Pasadena fires 2 city executives in $6-million embezzlement case
Pasadena officials fired two department heads on Tuesday in the wake of a $6.4-million embezzlement scheme involving a public works employee.
UPDATE: Pasadena fires two ranking administrators amid embezzlement case
Andrew Green, director of the city’s finance department, and Siobhan Foster, director of the public works department, were terminated Tuesday, said city spokesman William Boyer.
Boyer declined to comment on the direct cause, but he confirmed that the firings were related to the embezzlement scheme.
Former Pasadena employee Danny Wooten and two friends were arrested in December and are accused of embezzling at least $5 million from Pasadena coffers over the course of more than a decade.
Wooten, 51, worked in the public works department, where he allegedly used false invoices and forged signatures to direct millions to churches he was affiliated with and bank accounts under his name.
Pasadena officials alerted authorities last May after they discovered $6.4 million in unauthorized payments from a fund that was supposed to pay for placing utilities underground.
City officials have not been able to track where the money went, and they are considering filing civil suits to recover the money.

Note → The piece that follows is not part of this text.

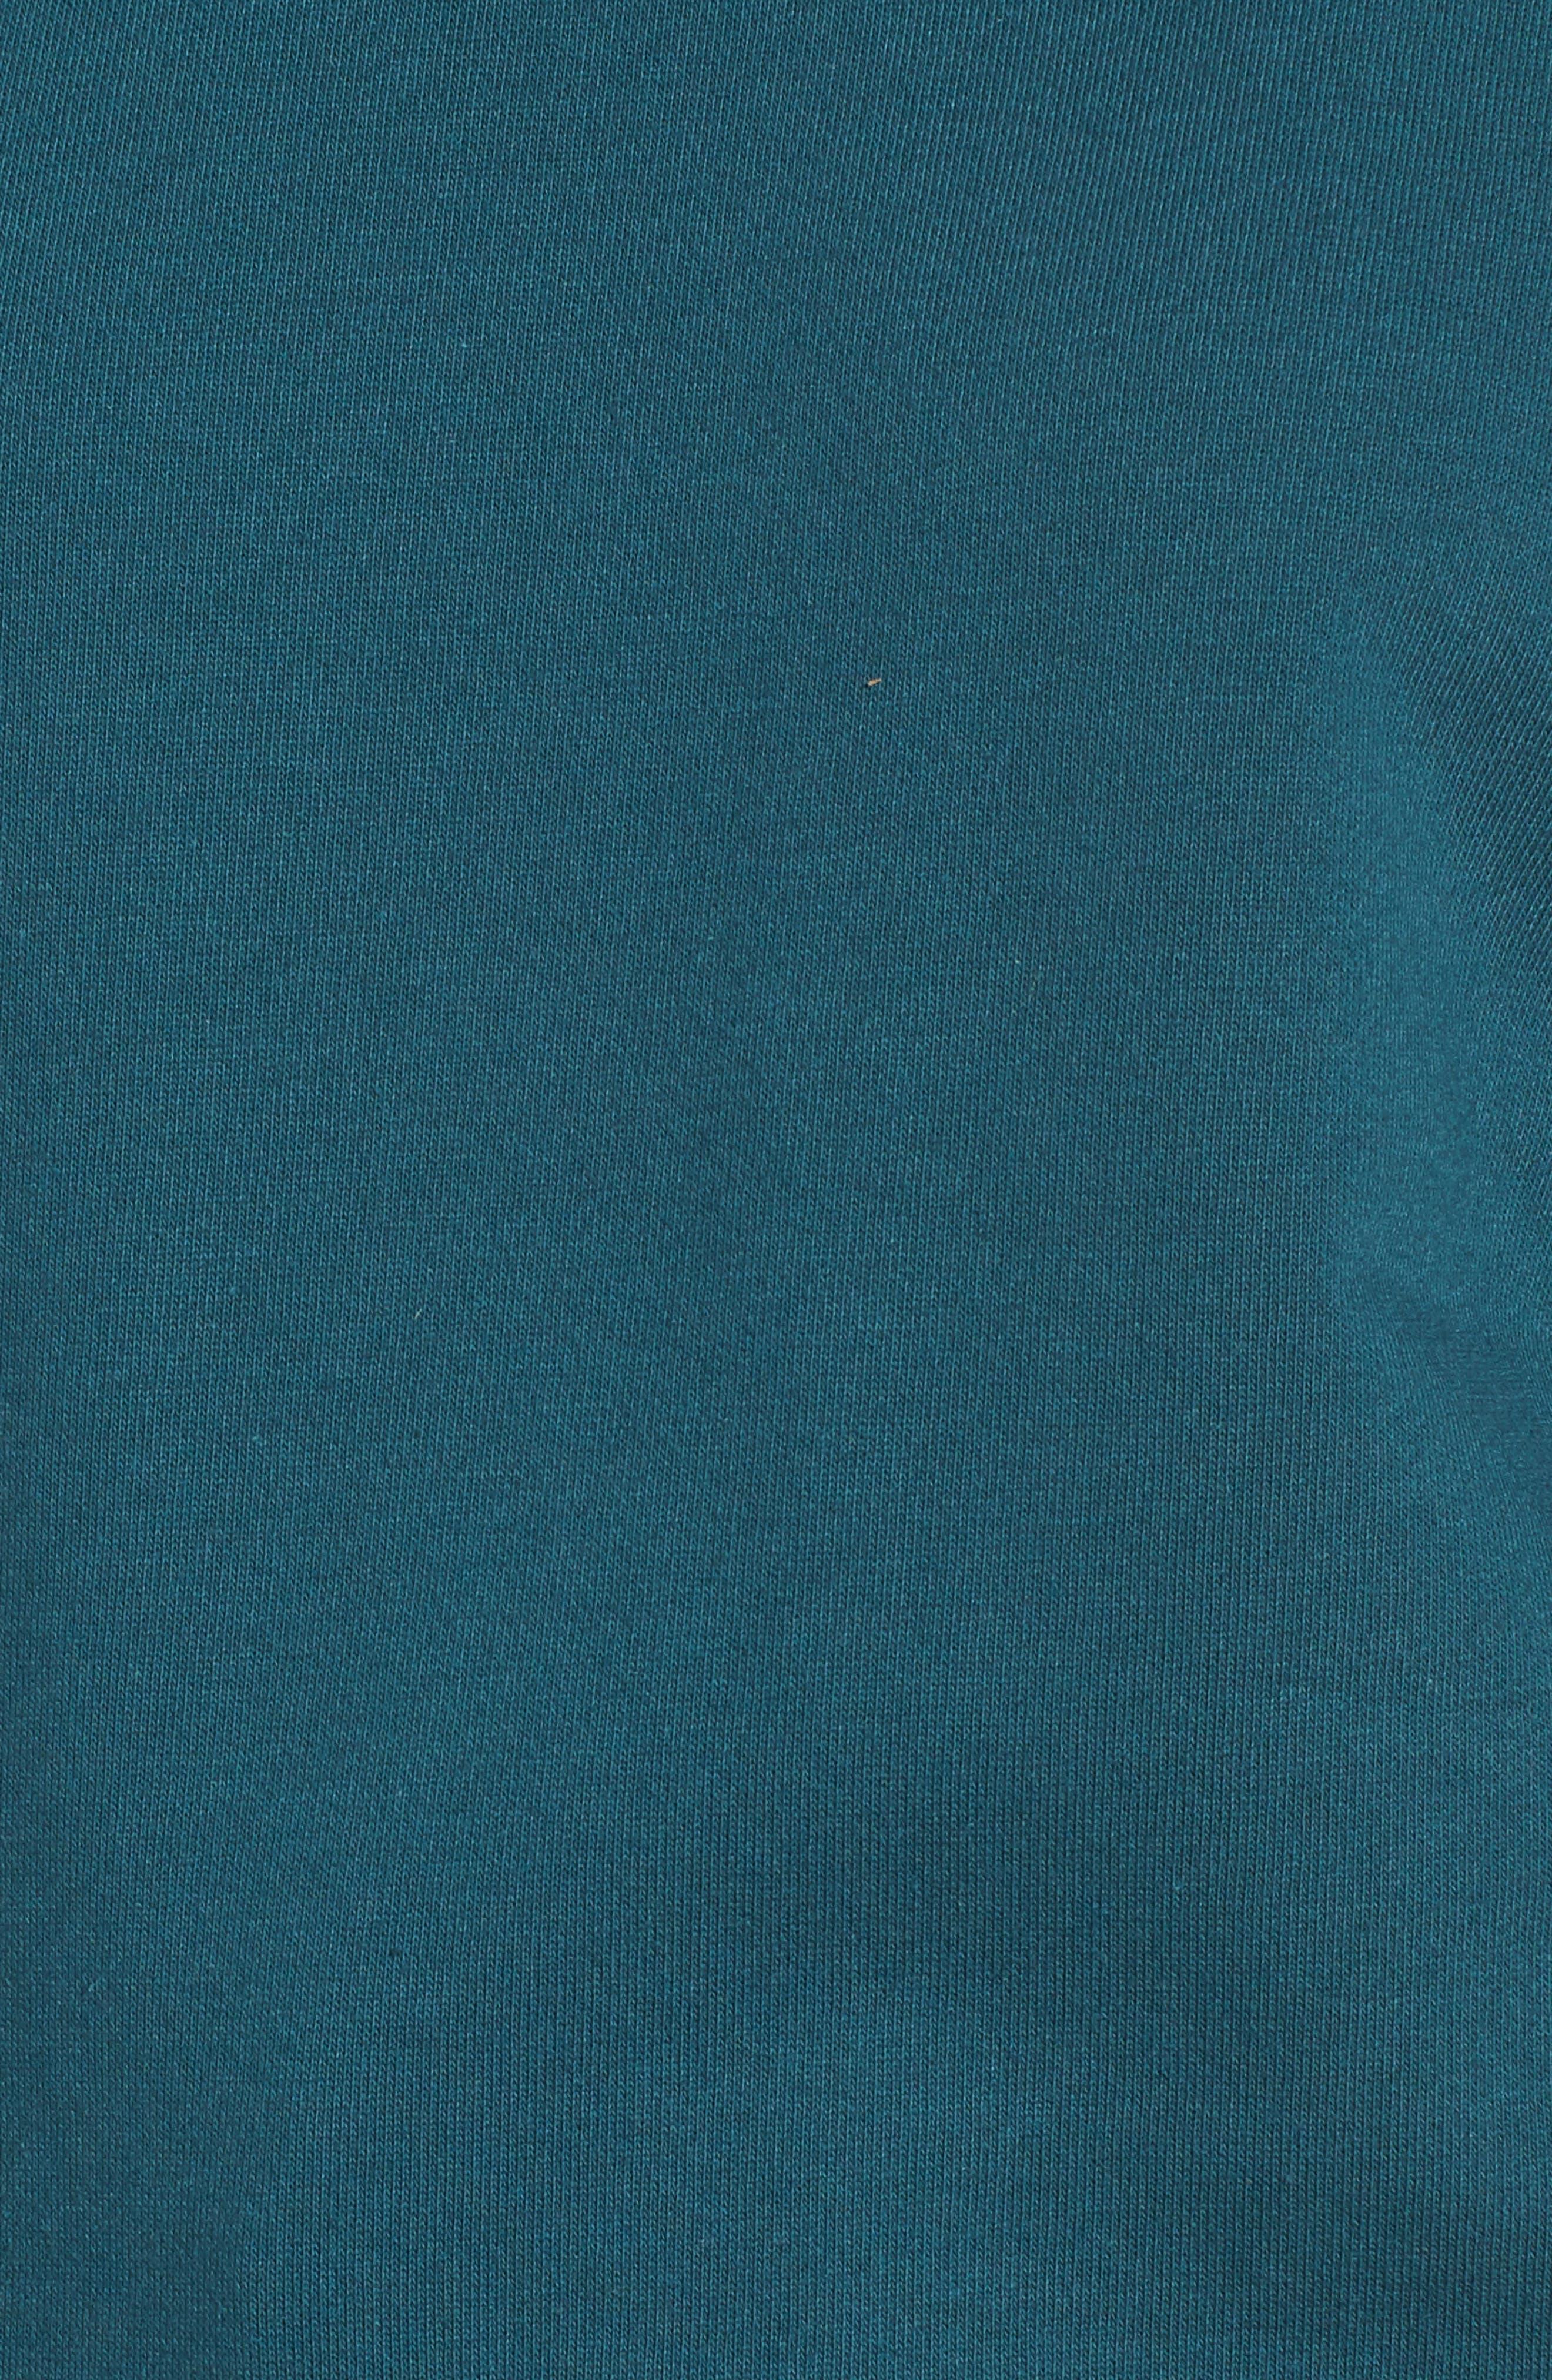 Cinched Sleeve Sweatshirt,                             Alternate thumbnail 5, color,                             Teal

Wooten and his friend Tyrone Collins, 55, are in custody and have pleaded not guilty to multiple charges related to the embezzlement. A third person charged in the case, Melody Jenkins, 46, pleaded not guilty and was released on bail.
All three have court hearings scheduled Wednesday.
Green and Foster both presented lengthy Powerpoint presentations full of proposed and adopted policy changes at a Jan. 5 council meeting called to address the embezzlement charges. Four other employees have been placed on paid administrative leave until the city can investigate the charges fully.
Foster was hired by Pasadena in 2011 after working under current Pasadena City Manager Michael Beck in the city of Riverside, where Beck was then working as an assistant city manager. Green was hired in 2009 after serving as a finance director in San Bernardino, Rialto and Reno, Nev.
Beck made the decision to fire both employees, Boyer said. Beck did not immediately return calls for comment Tuesday afternoon.
In a letter to city employees, Beck called the decision to fire Foster and Green “difficult, and called their terminations necessary to meet the city’s “organizational needs.”
Julie Gutierrez, the city’s assistant city manager, will oversee departments until the city can hire replacements, Boyer said.